**TASK INSTRUCTIONS**
Excluding any images, copy all of the lines below precisely as written.

**DATA SEGMENT**

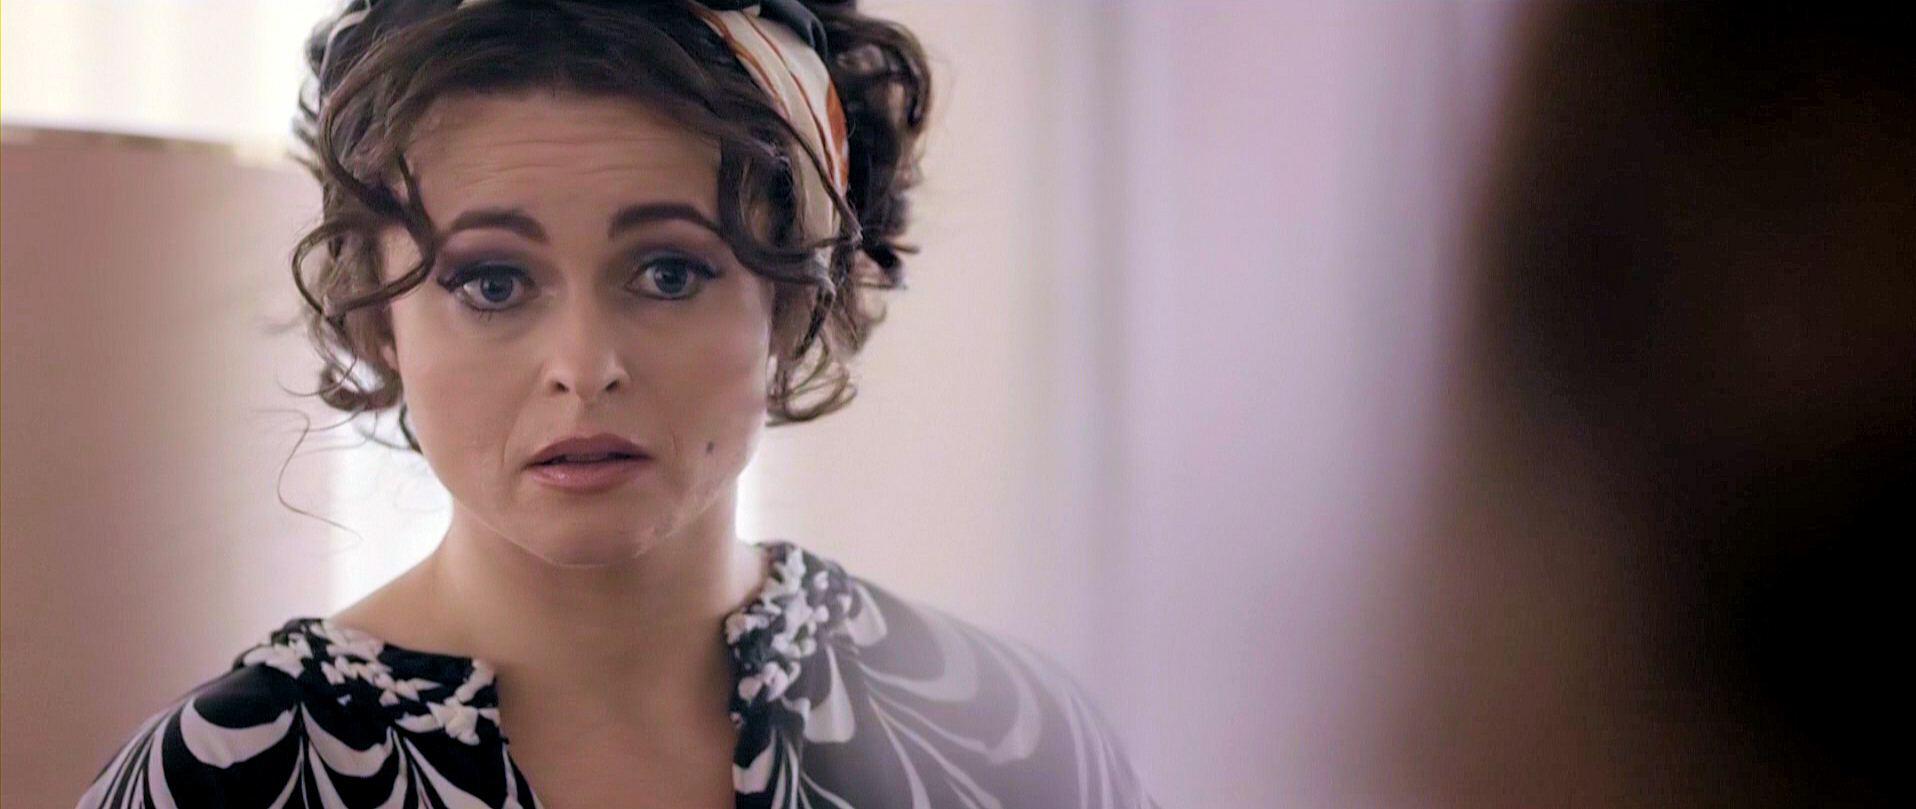 Screenshot from Burton and Taylor (2013) (2) featuring Helena Bonham Carter
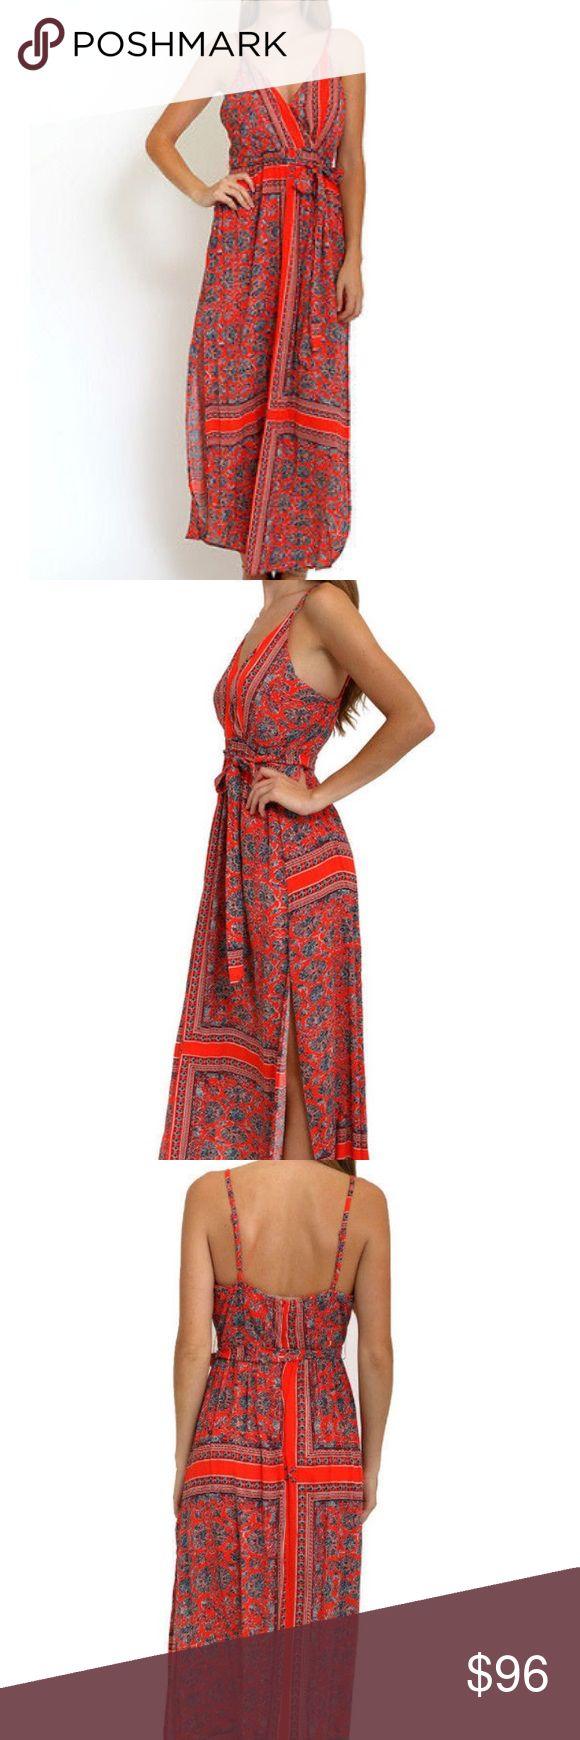 !PINK SALE! Casual Sundress Beach Boho Maxi Dress Cute Summer casual sundress, has a long length breezy style chic design. Features: 100% rayon. Hand wash. Dresses Maxi
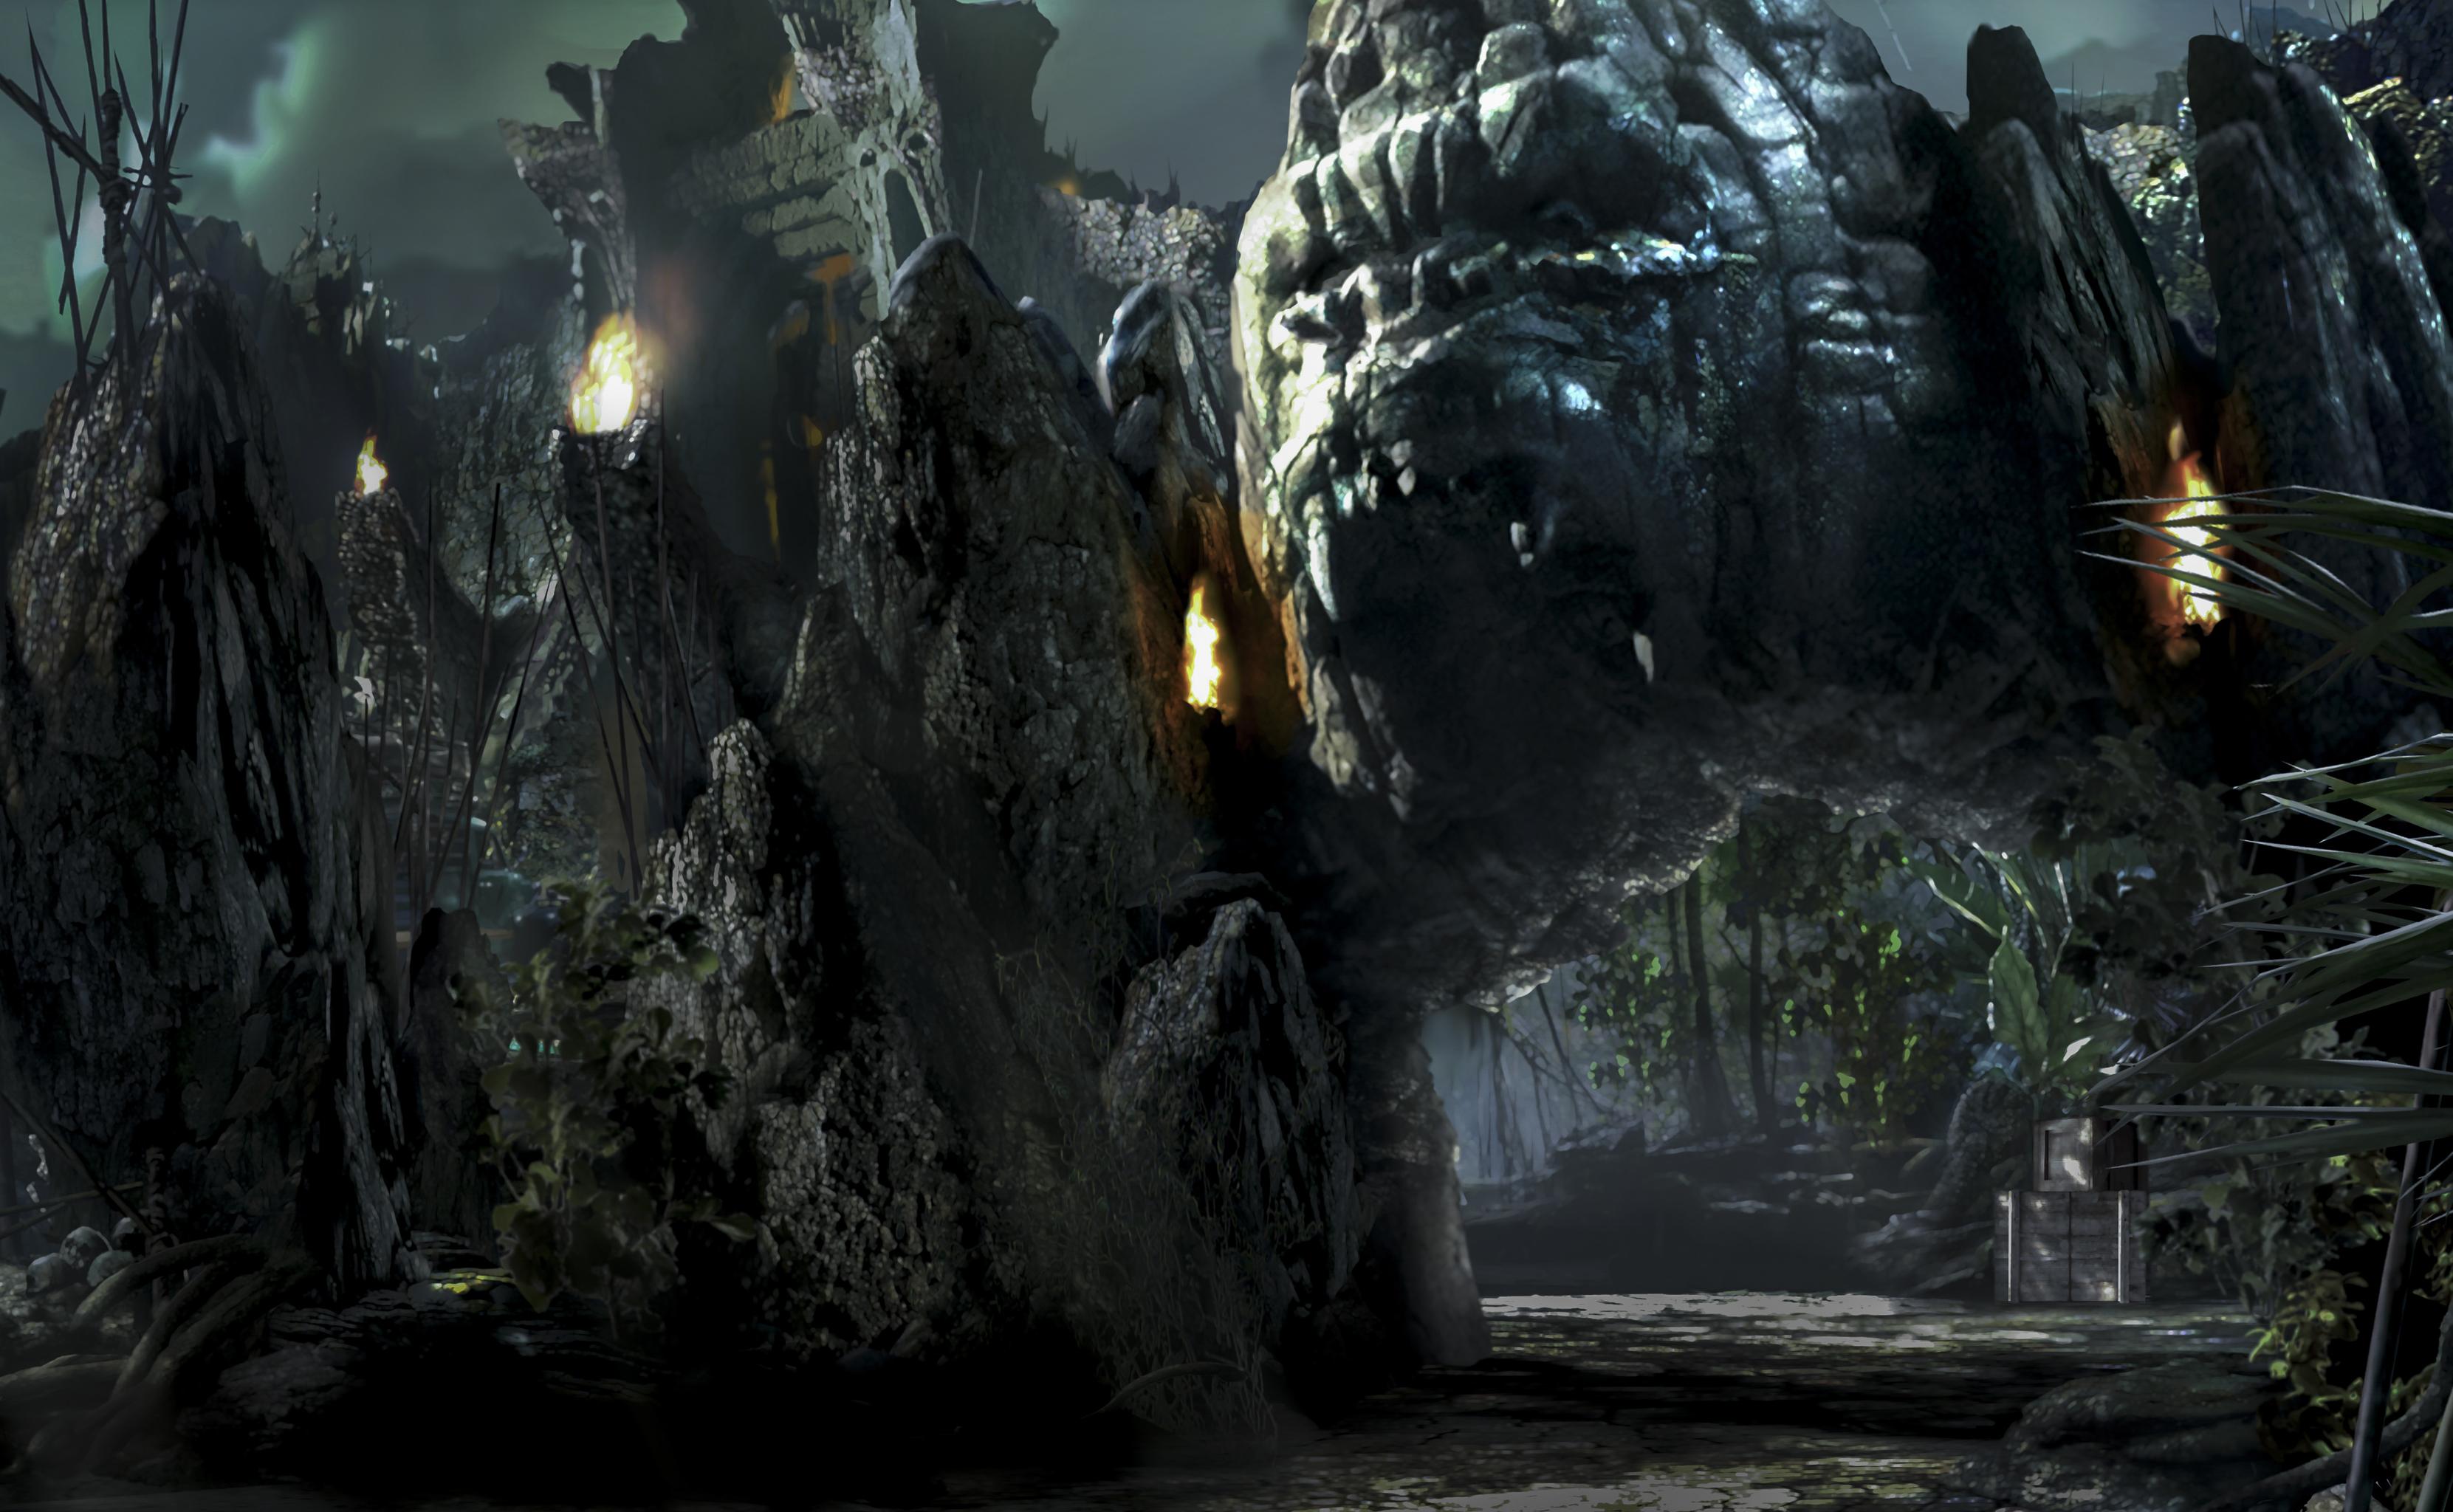 King Kong confirmed for Universal Orlando

**SOLUTION BELOW**
 Screenshot from Burton and Taylor (2013) (2) featuring Helena Bonham Carter
 !PINK SALE! Casual Sundress Beach Boho Maxi Dress Cute Summer casual sundress, has a long length breezy style chic design. Features: 100% rayon. Hand wash. Dresses Maxi
 King Kong confirmed for Universal Orlando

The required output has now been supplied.